Meanwhile. “Here comes the Sun” by Charles W. Thurston (pp. 25-29) is the type of article you get from professional organizations nearly four decades after a nation abandons nuclear power.

The Blood Pot Boils Over. But what really gets the blood boiling is Planning Magazine: 1) makes the preceding article the subject of this month’s cover (see above) instead of this article ‘buried’ at the end of the feature articles, “Life and Death Every Quarter Hour” by Jeffrey Brubaker (pp. 30-33); and, 2) seems blissfully unaware of the contrasting traffic fatalities data in this article (35,092 death in 2015) compared to the article about wildlife crossings, i.e. 200 fatalities associated with collisions with wildlife.
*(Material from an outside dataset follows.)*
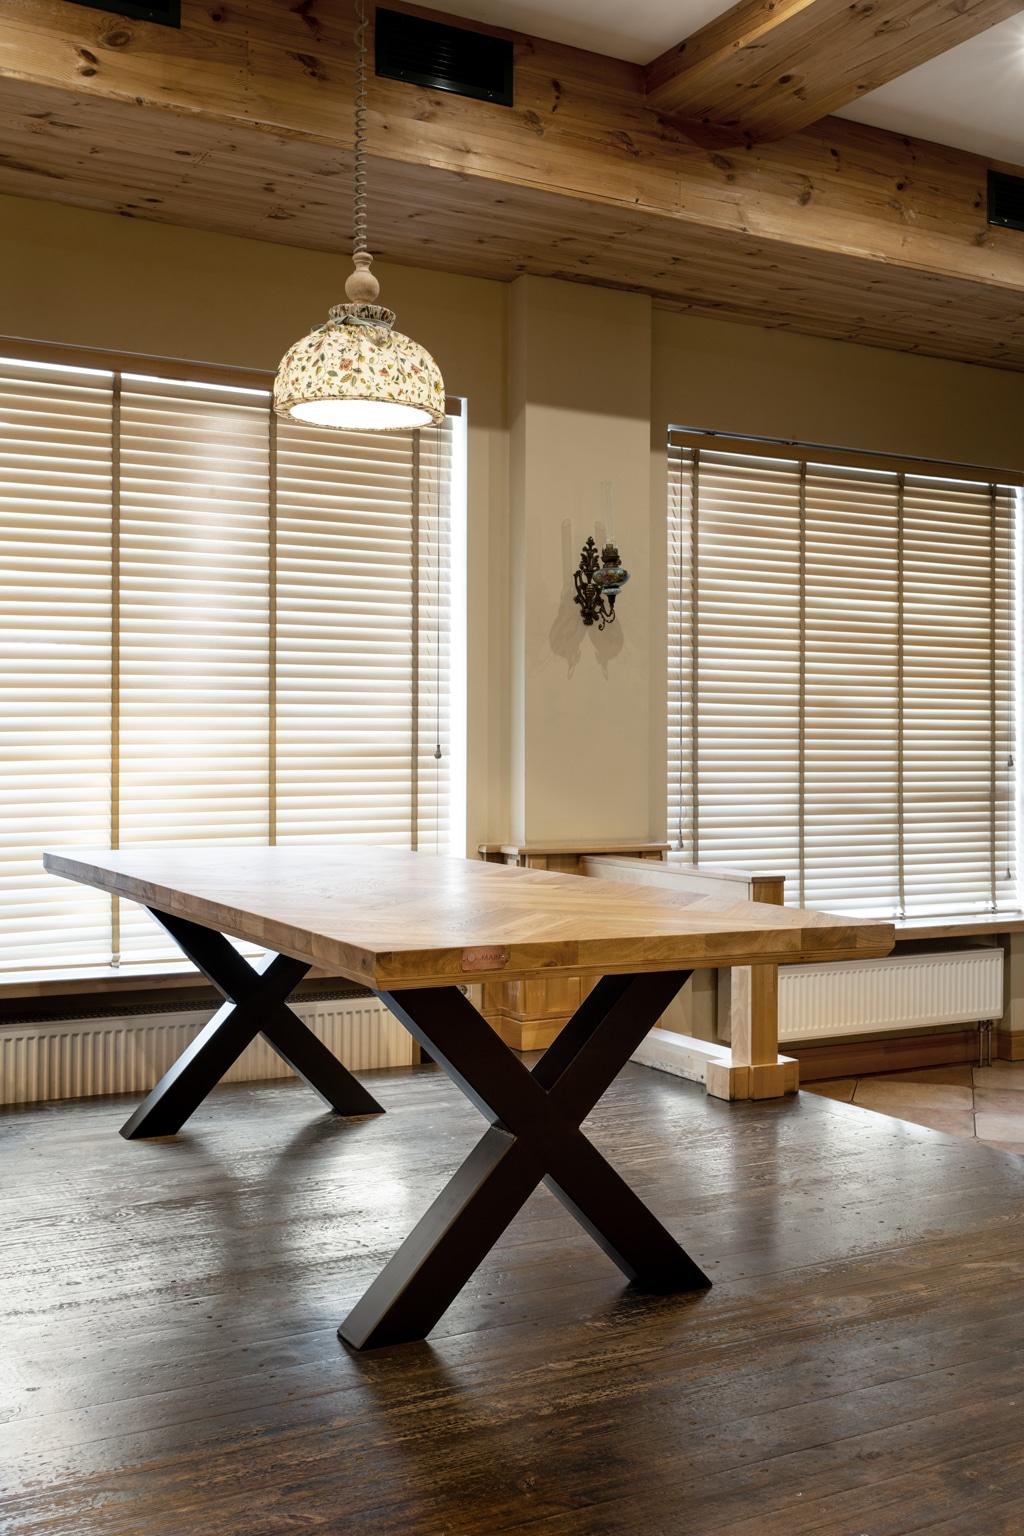 Runde Tischplatte / ovale Tischplatte

That is right. This month’s Planning Magazine dedicates twice as many pages to an issue involving 6/1000th the number of traffic deaths. Worst still, the subtitle of this article claims “mixed results” for what is a complete failure. Finally, at the end, Planning Magazine adds a “The opinions expressed in the article are his own” (meaning Mr. Brubaker) disclaimer. God forbid that anyone might think APA and Planning Magazine are anti-automobile. And the thing is, Mr. Brubaker’s article is mild. It does not go nearly far enough in pointing the profession’s hypocrisy on this issue. Here is the gist: in 60 years, nothing has changed. There is still a death caused by vehicular traffic every quarter hour in the United States.

That is it. I cannot take any more of this month’s issue. I may have to stop reading Planning Magazine in the best interests of my health because you would not believe the migraine headache I have right now. Shame on you, Planning Magazine. The best article this month was written by a Florida attorney.

Planning Naked is a series of observations and comments about a recent issue of Planning: The Magazine of the American Planning Association.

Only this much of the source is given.